57. Coming to the stand of the petitioner that he is the representative of the third defendant even at the time the earlier petition E.A.361 of 1989 had been filed by the petitioner, the position of the third defendant and that of the petitioner did not change. The same petitioner in the name of a third party and without showing any nexus to the third defendant had filed the petition. However, the petitioner would come forward to say that the management then and now are different and by the execution of Kamarajar Education Research Foundation Trust Deed, the administration of the Polytechnic came to be vested in the present Trust Board and the petitioner carry on with the administration of the said polytechnic as on today including the properties.
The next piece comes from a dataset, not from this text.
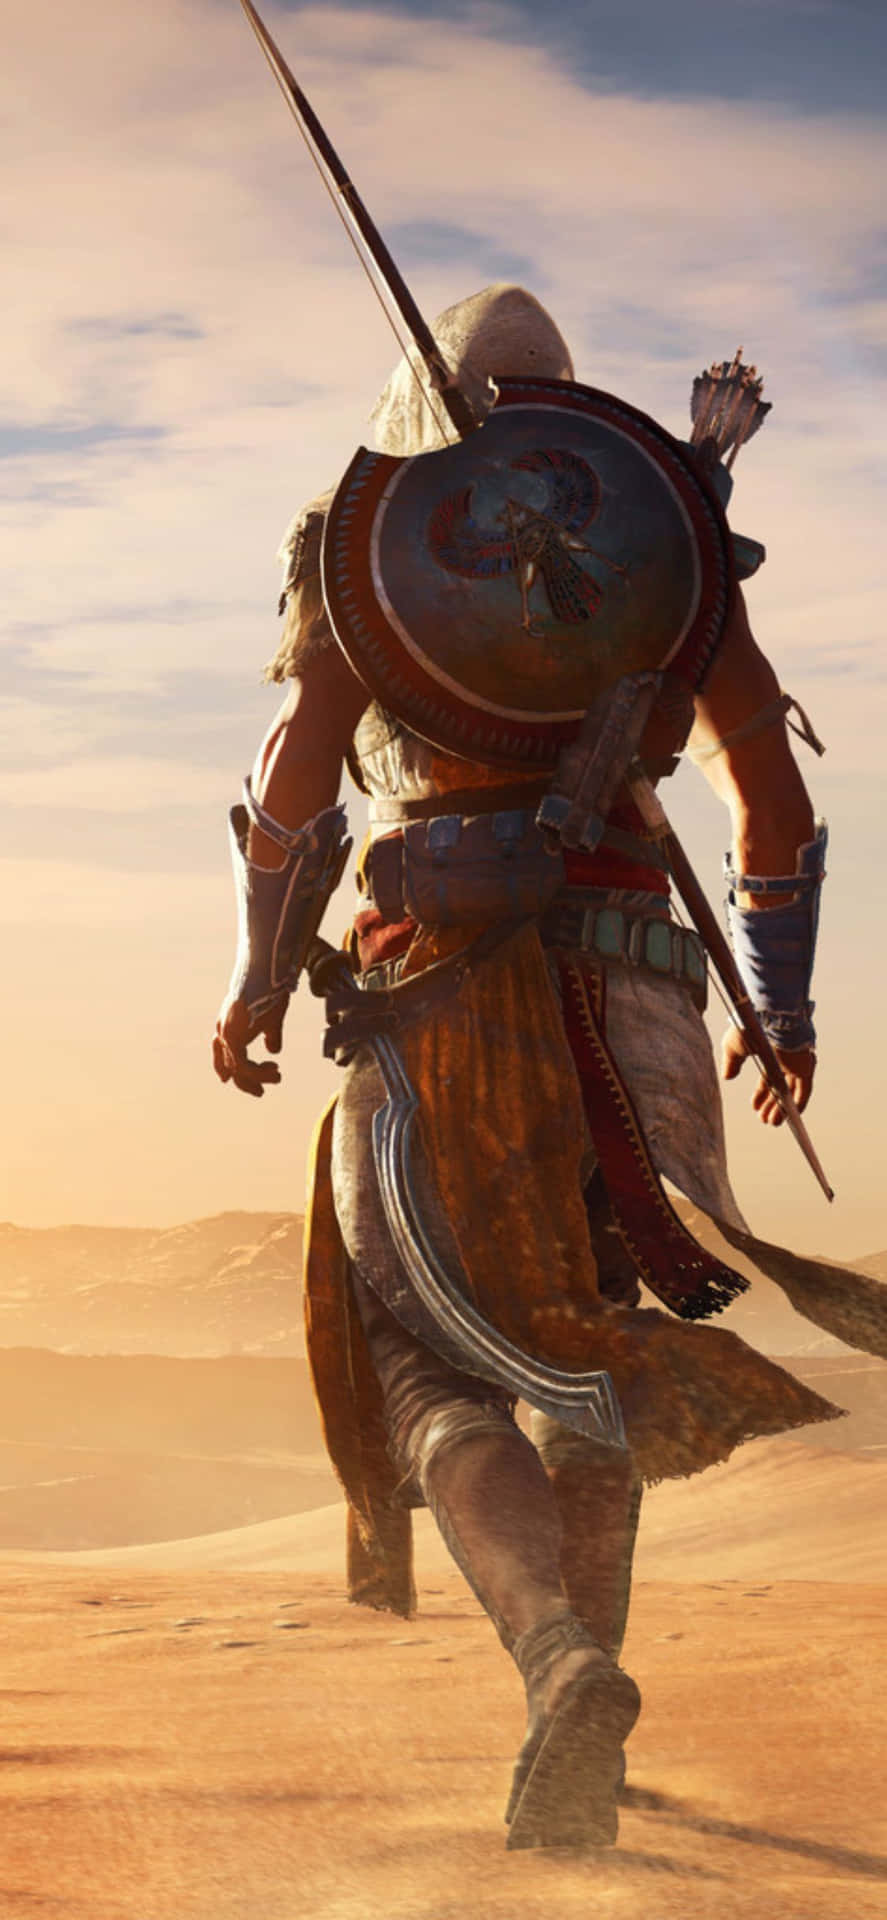 Scalarele Grandi Piramidi In Assassin's Creed Origins Sull'iphone X!

Neither the position of the present administration nor the representative character of the petitioner to that of the third defendant having come to be established, even for argument’s sake taking for granted that those facts have been established, the commitments of the third defendant cannot be, forsaken by the petitioner and the third defendant having miserably failed in the suit and other proceedings and the petitioner having stepped into the shoes of the third defendant, it is not for the petitioner now in the name of the third defendant’s representative that too at this belated stage to raise such questions since the representative of the third defendant cannot acquire a noval right more than what the third defendant himself did have and if at all the petitioner as the representative of the third defendant could claim what rights had enjoined the third defendant and commitments made by it. For all the above discussions held, the only conclusion that could be arrived at so far as this point is concerned is that the petitioner cannot maintain the present petition as it had been filed before the lower Court under Section 47 of the C.P.C, and this point is answered against the petitioner and in favour of respondent.
Points No.3 and 4:
58. In view of the decision arrived at for Point No. 2 to the effect that
the revision petitioner cannot maintain the present petition as it had been filed
before the lower Court under Section 47 of the C.P.C., there is no need or
necessity to go into the question pertaining to Points No.3 and 4, which are
unwarranted.
In result, the above Civil Revision Petition fails and the same is dismissed. The fair and decretal order dated 18.8.1994 made in E. A. No. 999 of 1989 in E.P.No.2 of 1989 by the Court of District Munsif, Ponneri is hereby upheld and confirmed. However, in the circumstances of the case, there shall be no order as to costs.